Efficient collection of incoming photons and photo-generated
carriers in Si nanostructure array solar cells
Yunae Cho, Eunah Kim, and Dong-Wook Kim*
Department of Physics, Ewha Womans University, Korea
*
corresponding author: dwkim@ewha.ac.kr
Joondong Kim
Department of Electrical Engineering, Incheon National University, Korea
Abstract- Si nanostructure array enables much improved broadband and omnidirectional optical
absorption, compared with conventional light trapping strategies. We achieved a very high
photocurrent density of 36.94 mAcm-2 from our nanoconical frustum array crystalline Si (c-Si) solar
cells. Optical simulation studies showed that the expected photocurrent of 10-m-thick
nanostructured cells could slightly exceed the Lambertian limit with the help of remarkable
antireflection (AR) effects and efficient carrier collection capability.

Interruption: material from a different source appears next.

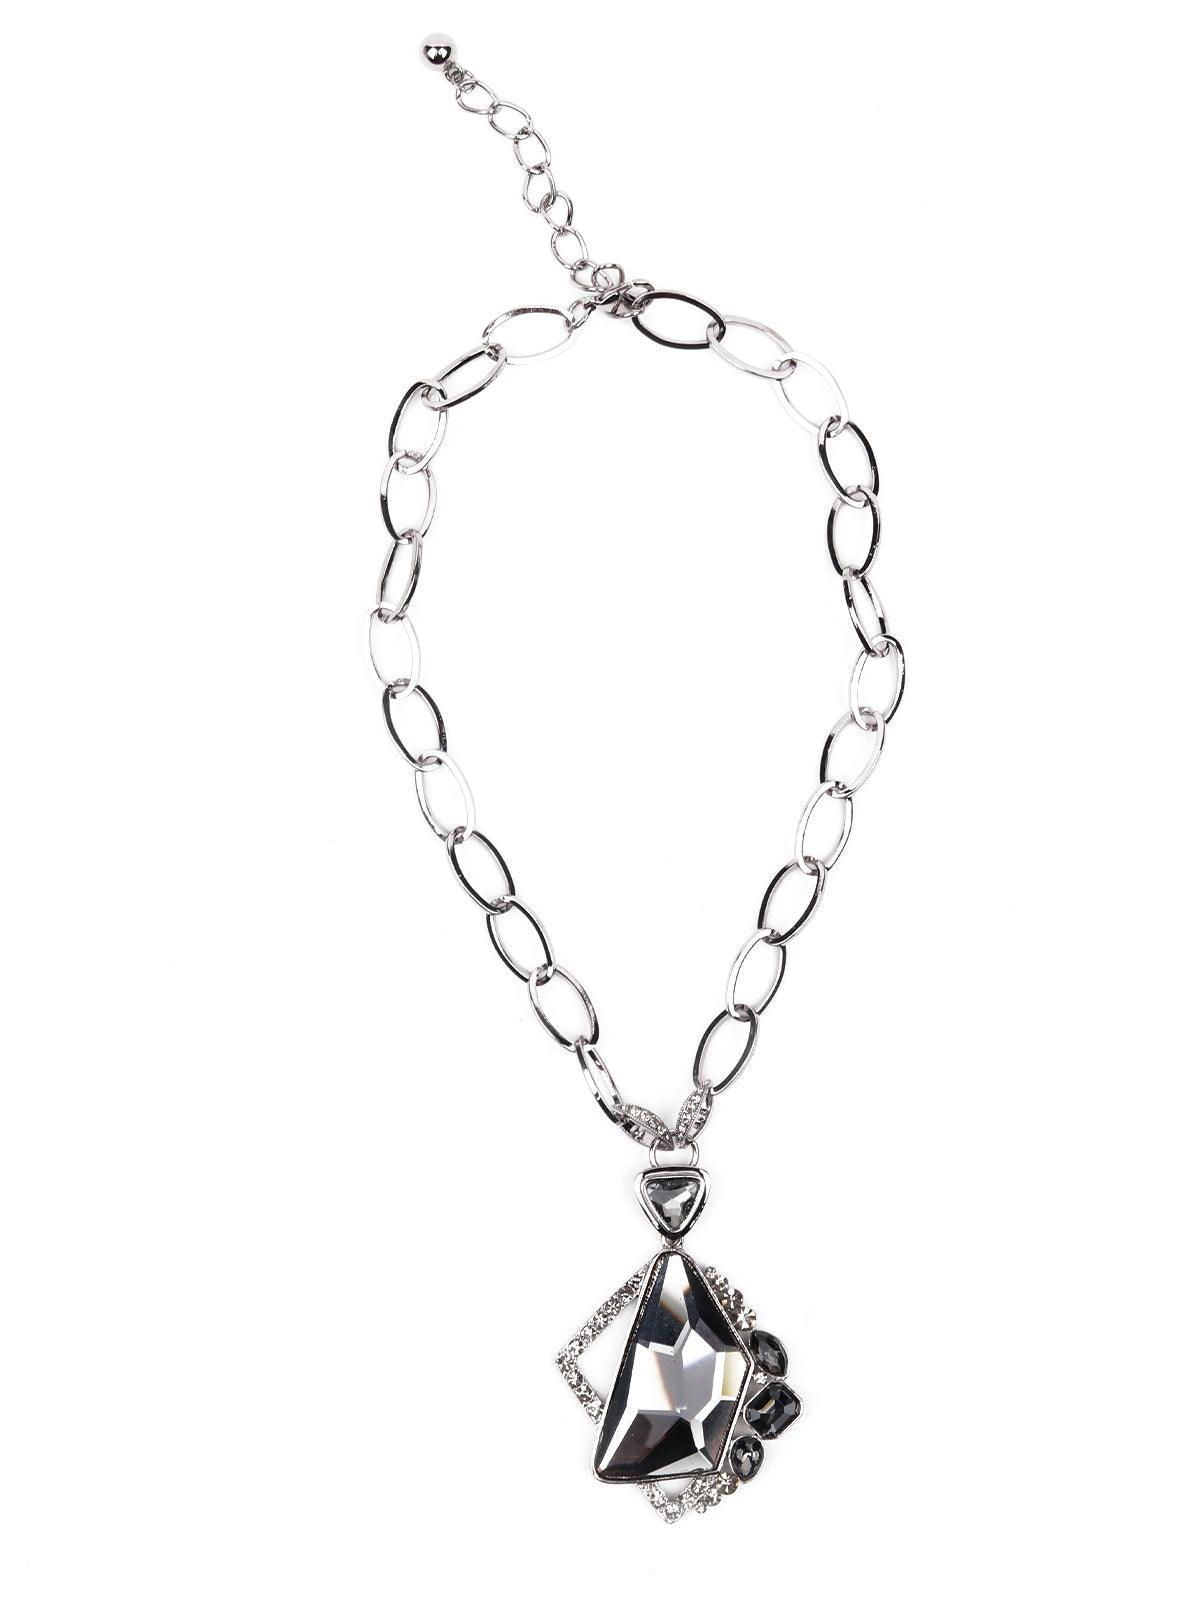 Stunning silver locket necklace - Odette

There have been intensive research efforts to realize high efficiency Si nanostructure array solar cells, since
the nanostructured Si wafers can significantly lower the optical reflection in broad wavelength range. The
remarkable AR effects are originated from graded refractive index, multiple reflection, and Mie resonance.1,2
The measured photovoltaic (PV) performance of nanostructured cells, however, often cannot surpass that of
conventional cells, despite their substantially enhanced optical absorption. This suggests that the collection
capability of photo-generated carriers as well as the absorption of incoming light should be carefully considered
for the nanostructured solar cells.
In this work, we performed comparative experimental and simulation studies of hexagonal nanoconical
frustum array solar cells to provide insight into improving performance of the nanostructured Si PV devices. The
power conversion efficiency of the nano-patterned cell was 15.8%, much higher than that of the flat cell, 14.3%.

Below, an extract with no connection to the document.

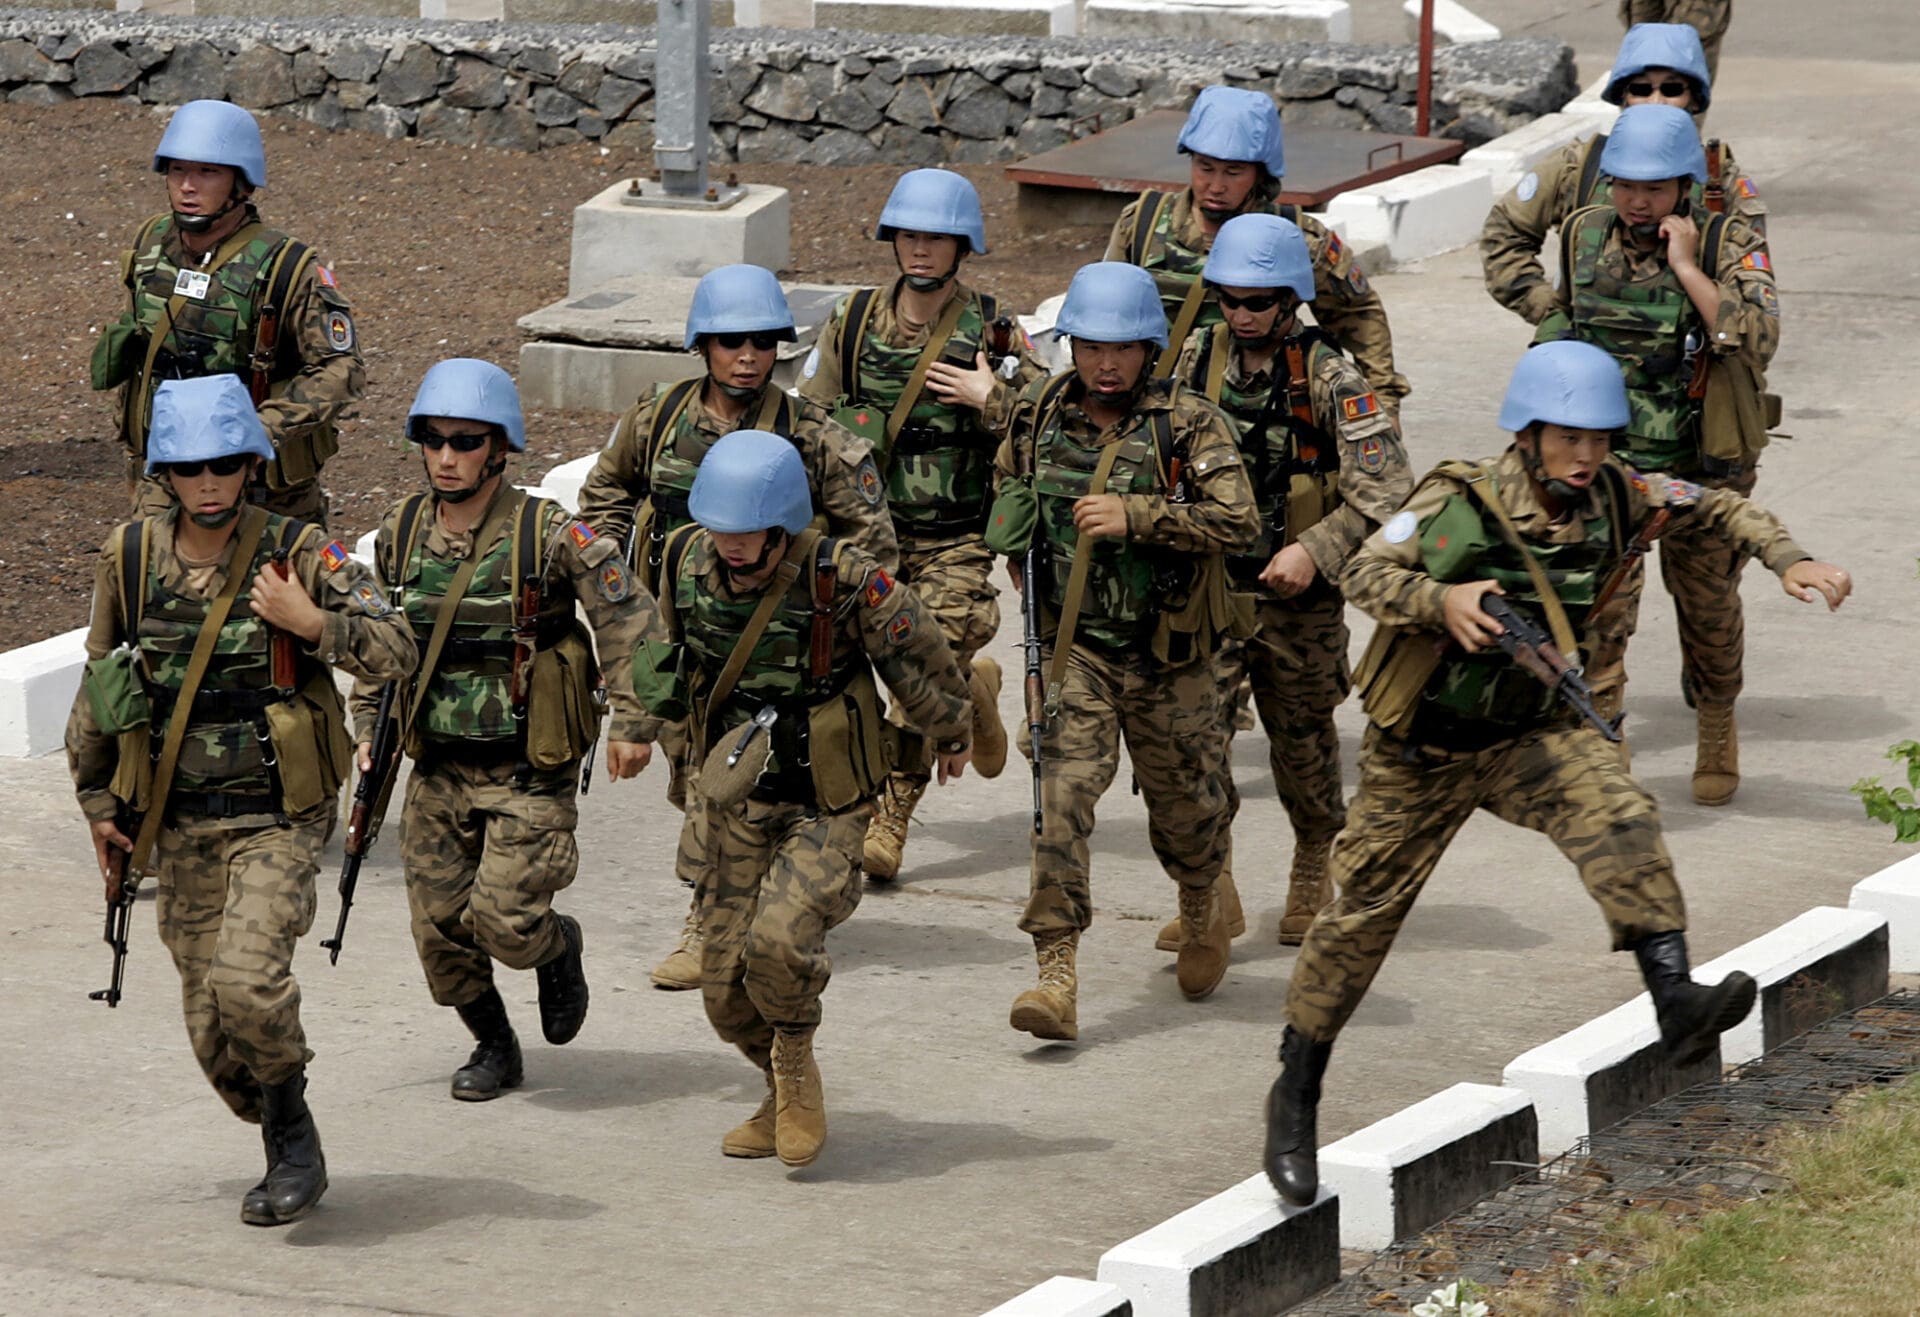 UN troops blue helmet

The optical simulations showed that the optical gain of the nano-patterned cells maintained, as the absorber
thickness was reduced to 10 m. The expected photocurrent of the 10 μm thick cell even slightly exceeded the
Lambertian limit, due to the increase in absorption for light having a wavelength of >1 μm. The optical benefits
of the nanostructure array, in particular the substrate-coupled Mie resonance, also caused strong concentration of
light near the top surface of the nano-patterned cells. As a result, the highest photon density was expected to
reside near the p–n junction, where the built-in potential readily separates the electron–hole pairs. This would
enable very efficient carrier collection, only if proper surface passivation could suppress electrical loss.
REFERENCES
1. Kim, J. et al., “Transparent conductor-embedding nanocones for selective emitters: optical and electrical
improvements of Si solar cells,” Sci. Rep. Vol. 5, 9256, 2015.
2. Cho, Y. et al., “Wafer-scale nanoconical frustum array crystalline silicon solar cells: promising candidates
for ultrathin device applications,” Nanoscale Vol. 6, 9568-9573, 2014.